Both files are in the standard JSON format, which can be parsed by json python package or, for example, jq command line utility. Besides jq command, one can use any JSON editor/viewer for visual inspection, one notable example being the standard JSON viewer built into Firefox browser.

Below we specify the structure of the respective JSON files.

QUBO formulations

Filenames: ./instances/QUBO/*.qubo.json*

JSON files corresponding to QUBO formulations have universal format, regardless of the problem type:

Field

Description

Q

quadratic coefficients matrix

P

linear coefficients vector

Const

constant (a number)

description

metadata in subfields:

β”– instance_id

a unique instance ID

β”– instance_type

TSP, UDMIS, or MWC

β”– original_instance_name

original instance name (e.g., for TSP β€” from TSP Lib)

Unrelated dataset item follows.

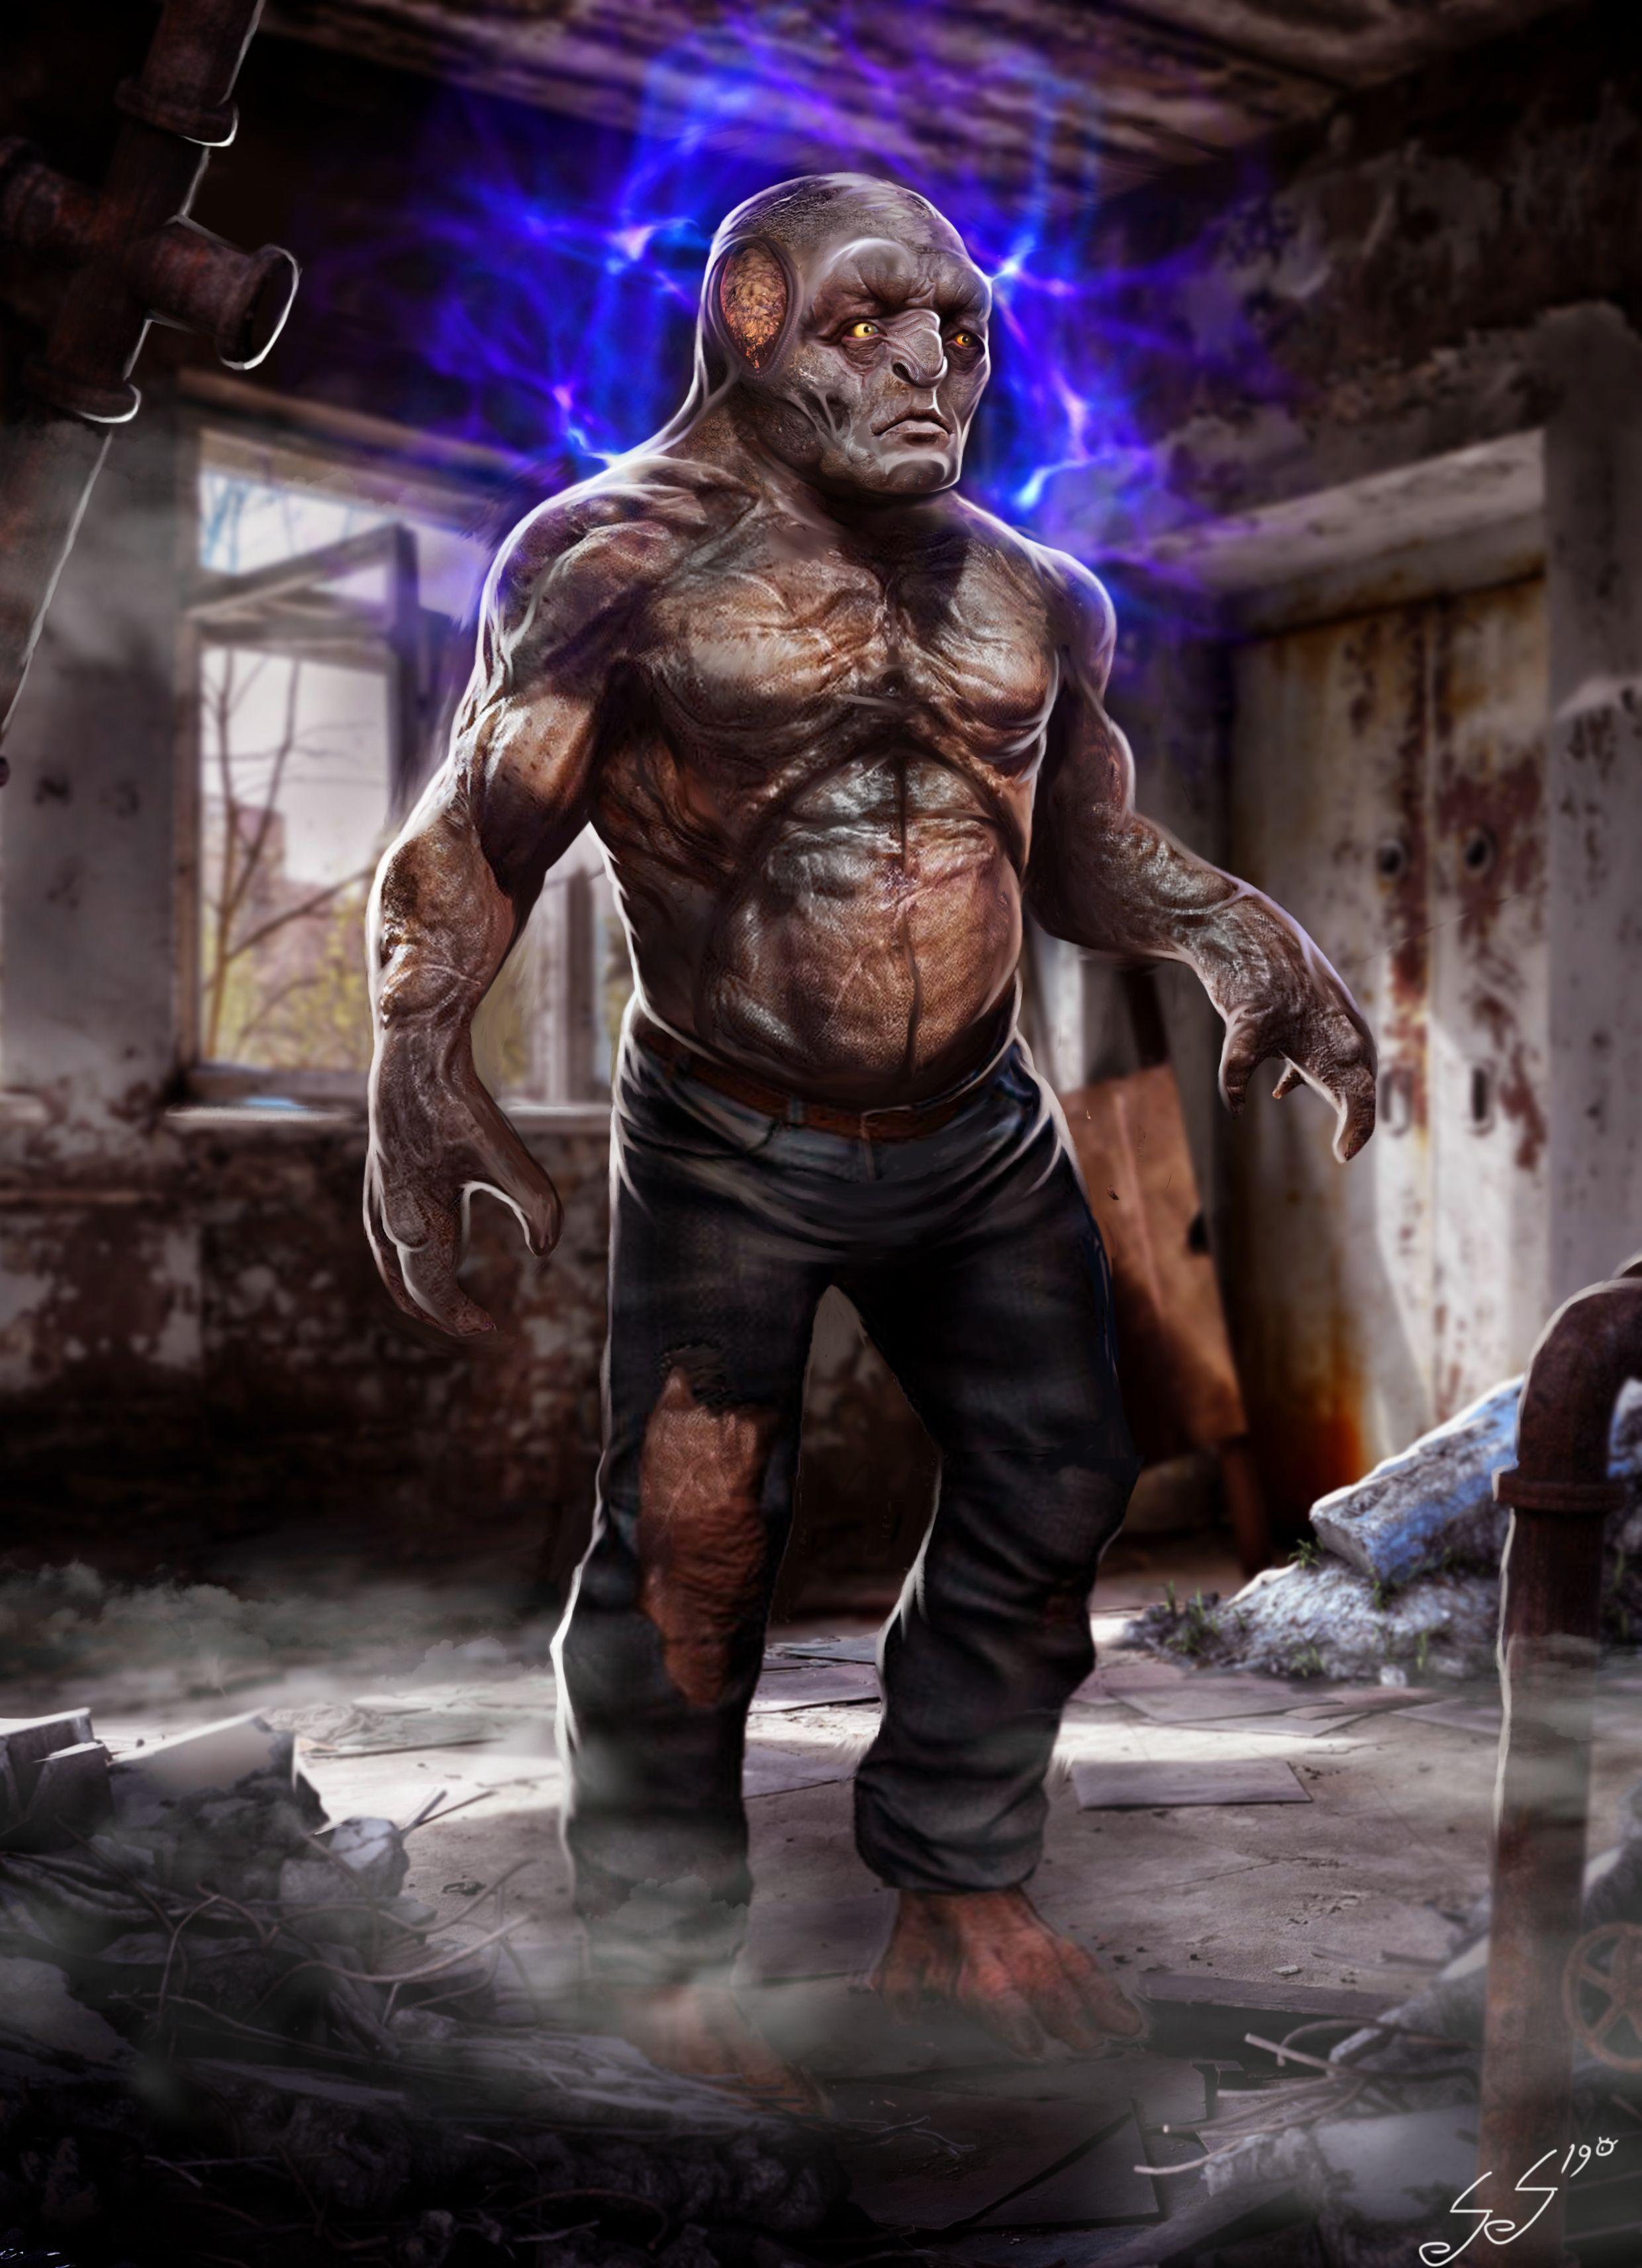 Крутые картинки с мутантами

β”– original_instance_file

filename for the original instance

β”– contents

constant value QUBO

β”– comment

a free-form string comment.

Note that internally in the code, we assume the following QUBO format:

\[\min \frac{1}{2} x^\prime Q x + x^\prime P + \text{Const}\]

TSP instances.

Filenames: instances/orig/TSP*.orig.json.

TSP instances are generated from the original TSPLIB instances. Namely, in our dataset we have the instances sampled from the following collection of TSPLIB instances:

att48, brazil58, eil101, gr666, hk48, kroA100, kroB100, kroC100, lin105,
pa561.tsp, pr107, pr299, rat575, swiss42, tsp225.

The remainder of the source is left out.